¡Oh, Fabio!

Luis Sánchez-Moliní

lmolini@grupojoly.com

Vindicación de la Sevilla agraria

La Sevilla agraria ya no es un síntoma del atraso secular, sino una de las esperanzas económicas de la ciudad

Estas mañanas de septiembre trae la brisa un tufo que los técnicos municipales achacan al estercolado de las fincas que enfajan la ciudad. Pese a que Sevilla, al igual que otras ciudades contemporáneas de su tamaño, ha intentado poner una barrera de alquitrán, tráfico y ruido entre el caserío y su alfoz, el campo busca y encuentra las rendijas para colarse en una urbe que, todos lo sabemos, sigue teniendo algunos de los rasgos de los pueblos grandes de la campiña, por lo menos en algunas calles, instituciones y liturgias más tradicionales.
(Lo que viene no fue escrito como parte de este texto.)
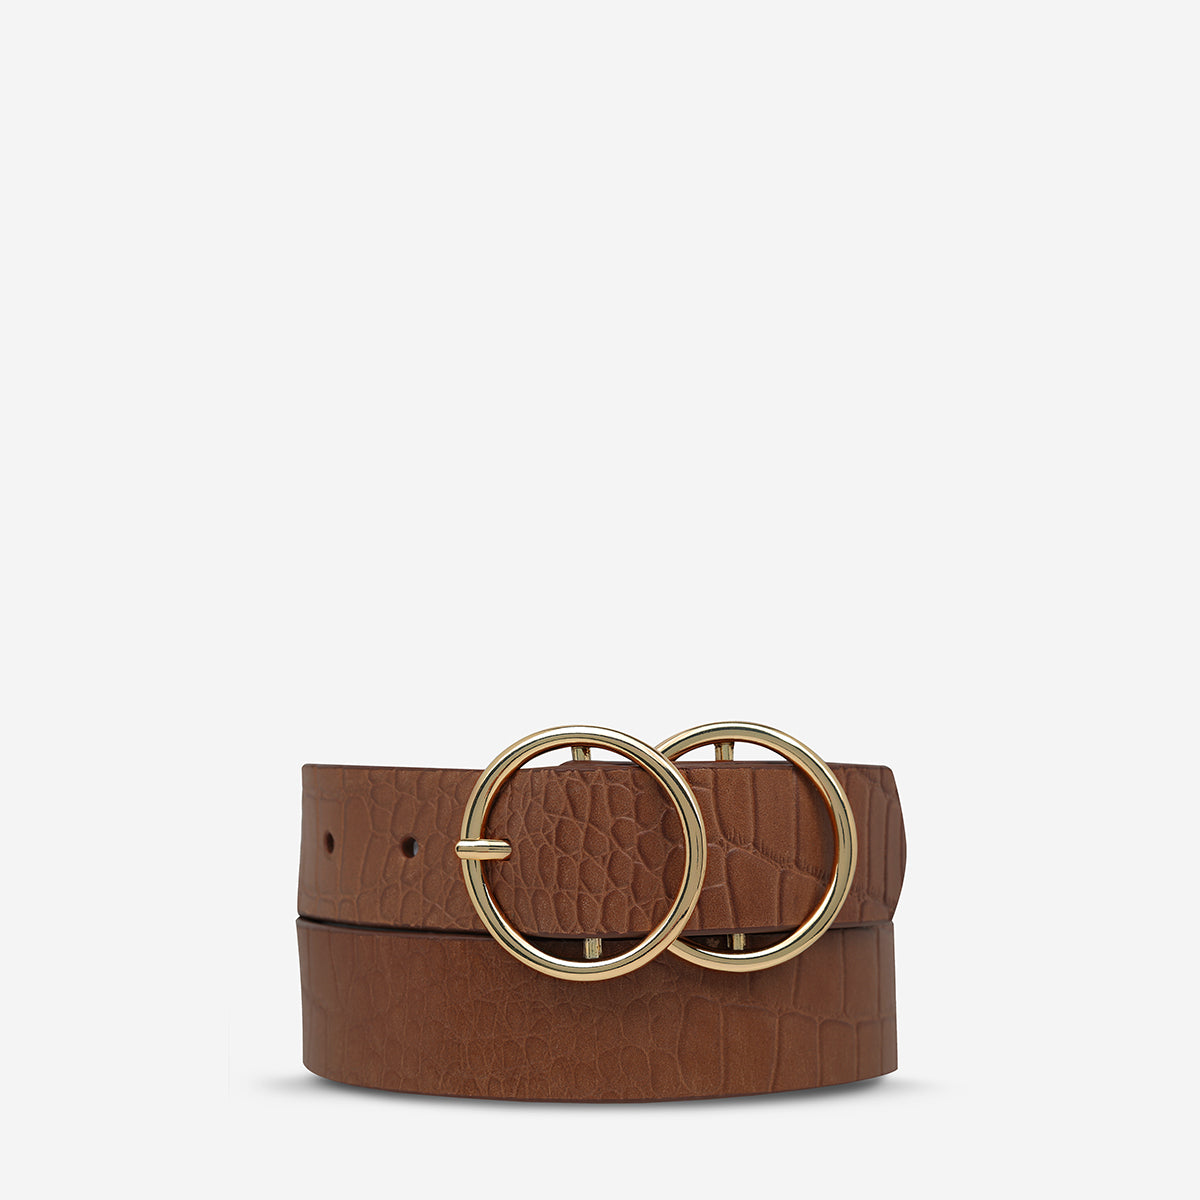 Tan Croc/Gold Leather Belt

Dentro del discurso progresista al uso (tanto de derechas como de izquierdas) existe el lamento de que Sevilla sigue siendo una ciudad fundamentalmente agraria. Tras la clausura de las instituciones americanas en el XVIII, dicen, la urbe entró en una somnolencia cereal de la que no la despertaron del todo los primeros vagidos del motor de explosión y la industrialización. Sin embargo, el anhelo de una ciudad erizada de industrias, que ha marcado en gran parte las peroratas del periodismo local y las autoridades de los últimos 100 años, ha quedado definitivamente superado por la historia en forma de deslocalización y sociedad del conocimiento. Las chimeneas son ya parte del paisaje del Tercer Mundo y el sueño industrial ha sido sustituido por el tecnológico y el turístico. En Sevilla, sobra decirlo, hay más del segundo que del primero, y el magro proletariado es ya masa depauperada de viajeros low cost. Pero el campo sigue ahí y, para recordarlo, sólo hay que mirar al cerro de Santa Brígida o a las besanas que lindan con San Jerónimo.

A veces, para reivindicar su presencia, el campo llega a las casas en forma de sacos de naranjas, kilos de garbanzos y garrafas de aceite, regalos útiles que los agricultores sevillanos -ese paradójico producto histórico de los repartimientos y la desamortización- mandan a sus amigos y parientes desde fincas con nombres de santos y árboles. Son los agricultores (no confundir con su parodia, el campero) una fina destilación de los siglos, mezcla de cepas hispanorromanas con otras angloárabes, producto, al igual que los vinos generosos, de unir viejas y nuevas sangres, tradición e innovación. A su compañía debemos muy buenos momentos y el conocimiento -aunque muy superficial- de un universo poblado de antiguas palabras y labores. La Sevilla agraria, muerto el sueño industrial, ya no es un síntoma de nuestro atraso secular, sino uno de los potenciales económicos de la ciudad y la provincia, una de las pocas alternativas al monocultivo turístico. Ahí están los datos. El tiempo no ha hecho más que darle la razón.